Our approach is aligned with recent computerized analyses of patients’ speech, demonstrating that these new methods are promising as objective ways to evaluate negative symptoms. Cohen et al. (2008) examined the feasibility and validity of measuring flat affect, alogia, and anhedonia using widely available acoustic and lexical-analytic software. The computer-based inflection and speech-rate measures of natural speech samples—from 14 patients with clinically rated flat affect, 46 patients without flat affect, and 19 healthy controls—significantly discriminated flat-affect patients from controls, and the computer-based measure of alogia and negative emotion significantly discriminated the flat and non-flat patients in the same sample.

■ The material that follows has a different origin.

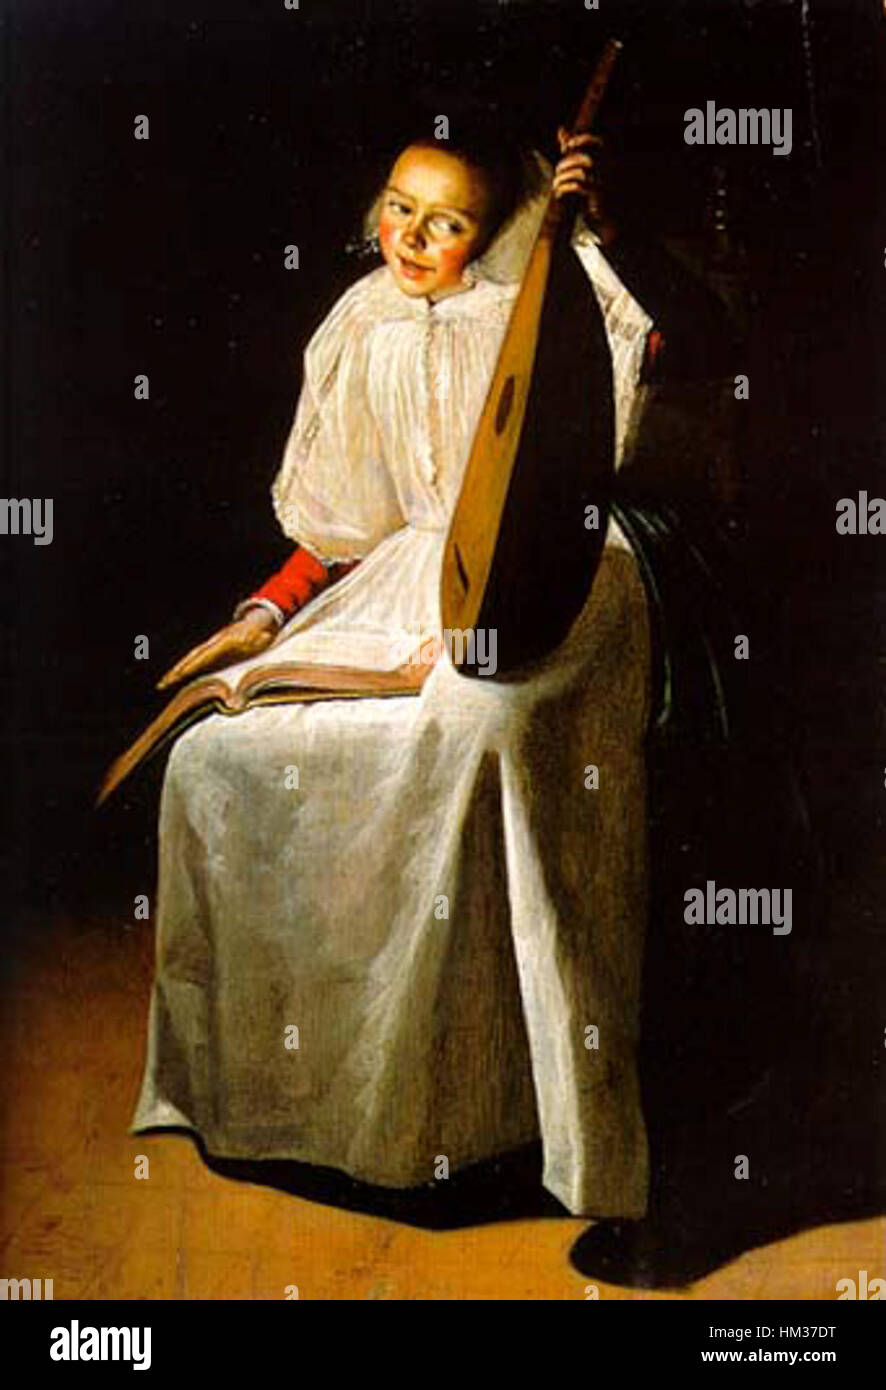 Judith Leyster - A young lady holding a lute with a music score on her lap in a candlelit interior Stock Photo

Cohen and colleagues (2012) also employed computerized acoustic analysis of speech produced by 48 outpatients with schizophrenia and mood disorders, showing that speech characteristics were significantly associated with severity of psychosis and negative symptoms. Our results add to this emerging field of research—computationally derived acoustic differences between the groups suggest that quantifying aprosody through audiorecorded speech may be useful in developing tools for measuring and monitoring this specific “negative symptom.”

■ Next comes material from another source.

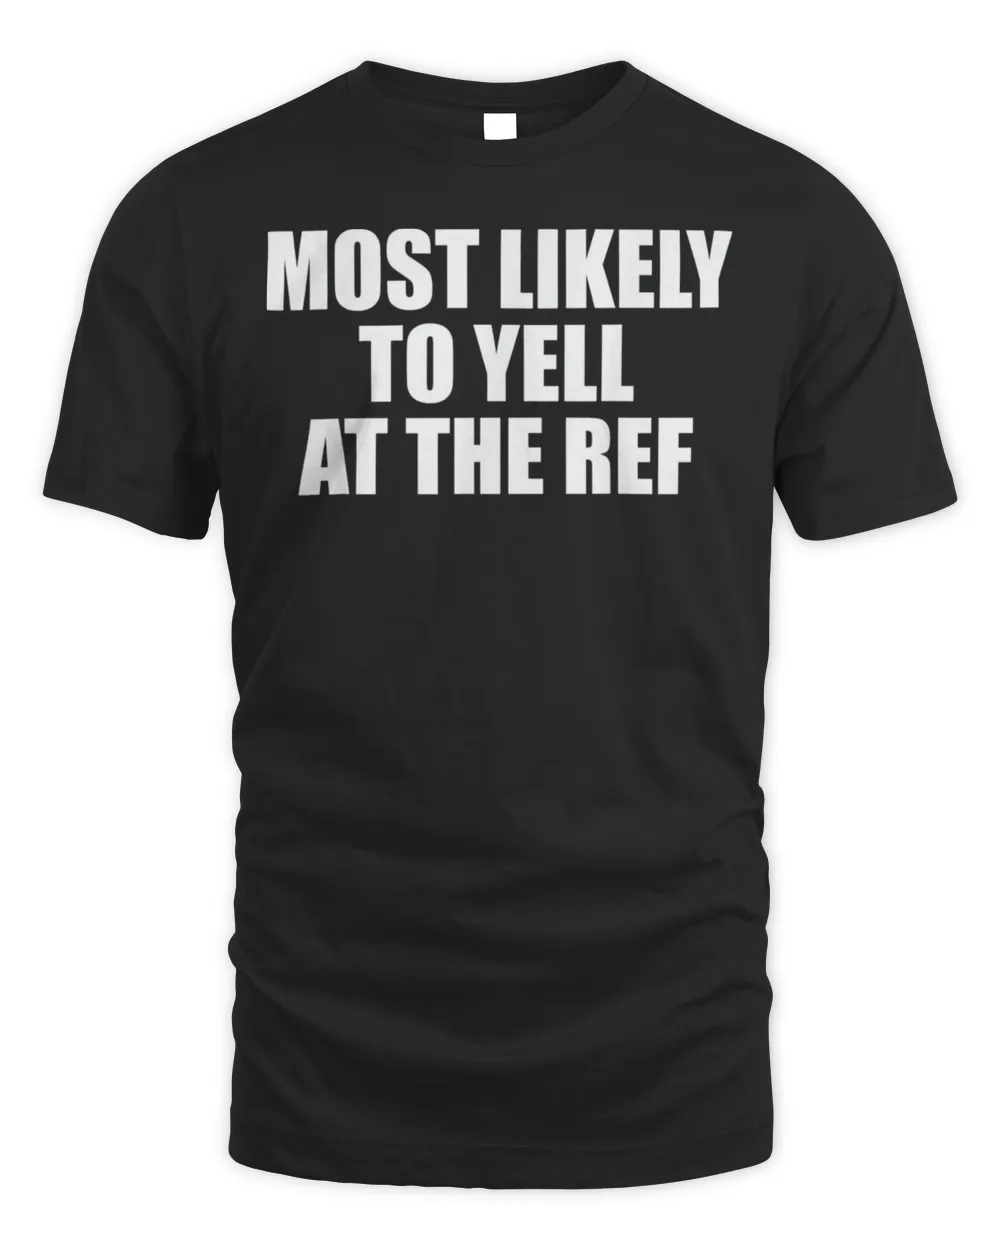 Most likely to yell at the ref Shirt

Although values of each individual parameter across the five tasks tend to be highly correlated, it appears that different types of prompts for obtaining audiorecorded speech may in fact produce some differences across phonetic parameters. For example, whereas loudness appeared to be blunted equally across all of our tasks, variation in both pitch (F0) and F1 were blunted most obviously in the reading tasks, and reduced variation in F2 was most apparent in the two spontaneous speech tasks. Future development of computational linguistic measures may need to rely on several means of eliciting speech to fully capture the various underpinnings of aprosody.

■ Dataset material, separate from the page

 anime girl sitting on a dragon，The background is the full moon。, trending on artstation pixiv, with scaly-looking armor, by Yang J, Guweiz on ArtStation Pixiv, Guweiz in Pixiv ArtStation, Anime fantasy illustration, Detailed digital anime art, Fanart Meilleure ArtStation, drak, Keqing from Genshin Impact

Despite the modest correlations that we observed between medication dosage and phonetic parameters—suggesting that a higher dosage of antipsychotic is associated with a reduced variability in the pitch, F1, and F2, but not in intensity/loudness—we were not able to adjust for medication dosage as doing so would have reduced the sample size in half. This obviously represents a limitation when interpreting our results and future studies should fully consider the potential effects of medication dosage.
Our findings must be interpreted in light of several other methodological limitations. First, because we wanted to clearly define two subsamples of patients, those with questionable or mild aprosody were excluded from the analysis, resulting in a reduced sample size. Second, our computation of variation in intensity/loudness was possible only for a subset of the overall sample. Despite this, however, we found clear differences across groups, suggesting that variation in loudness (as opposed to pitch or vowel resonances) may be the phonetic parameter with the largest effect in detecting aprosody. Third, we did not measure “negative symptoms” (using the SANS and CAINS) among our controls, though aprosody is likely distributed along a continuum even in the general population. Fourth, our cross-sectional study could not investigate the longitudinal stability of findings; future studies should do so.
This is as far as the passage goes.